За один день Капри, конечно, не исходишь вдоль и поперек. Не хватило у меня времени - хотя и была рядом - дойти до отеля "Крупп": там первый горьковский адрес на острове. Его владельцы тоже не упускают случая упомянуть, что на этой вилле когда-то жил пролетарский писатель.

Я только по книгам знаю волшебную силу знаменитого голубого грота с водой неповторимого оттенка. Я не видела удивительный майоликовый пол в церкви святого Михаила. Не поднималась по подвесной дороге на монте Соларо. Не бродила по развалинам императорских вилл.

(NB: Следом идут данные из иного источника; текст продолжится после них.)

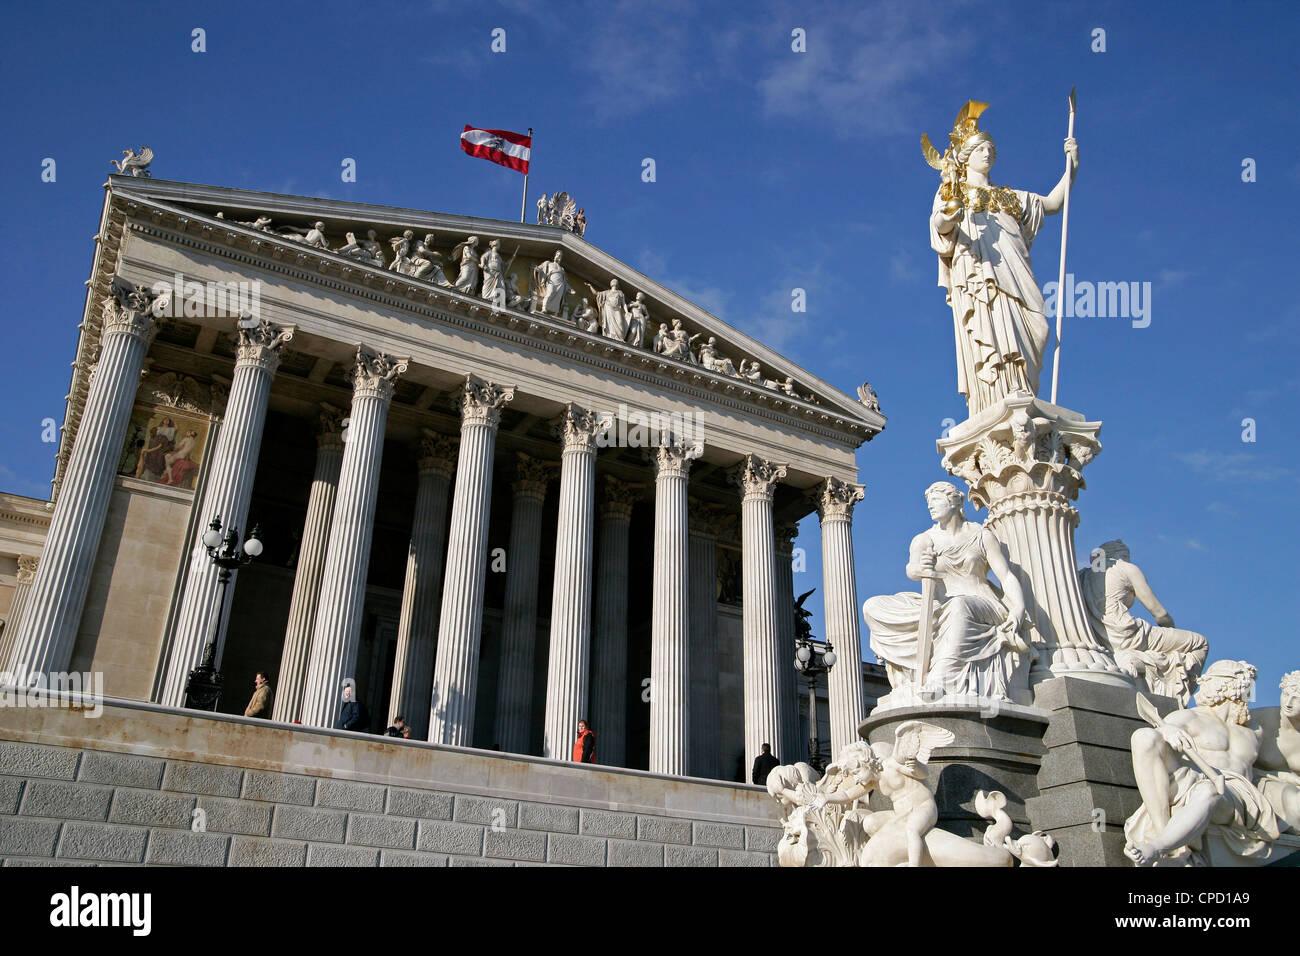 Parliament, Vienna, Austria, Europe - Stock Image

Осталась в стороне от моего маршрута и Чертоза - бывший картезианский монастырь святого Иакова, построенный в средние века. Здесь хранится итало-русская библиотека, с инициативой устройства которой выступил Горький. Были замыслы и более обширные. Разрабатывались планы создания Русско-итальянского общества для взаимного знакомства с культурами. А заброшенный монастырь предлагали превратить в итало-русский этнографический музей. Но планы не осуществились. А так, кто знает, и у России было бы на острове весомое культурное присутствие. Сейчас же в Чертозе куда нагляднее представлено немецкое искусство: здесь действует музей художника-символиста Карла Диффенбаха, одно время жившего на Капри. Тоже интересно.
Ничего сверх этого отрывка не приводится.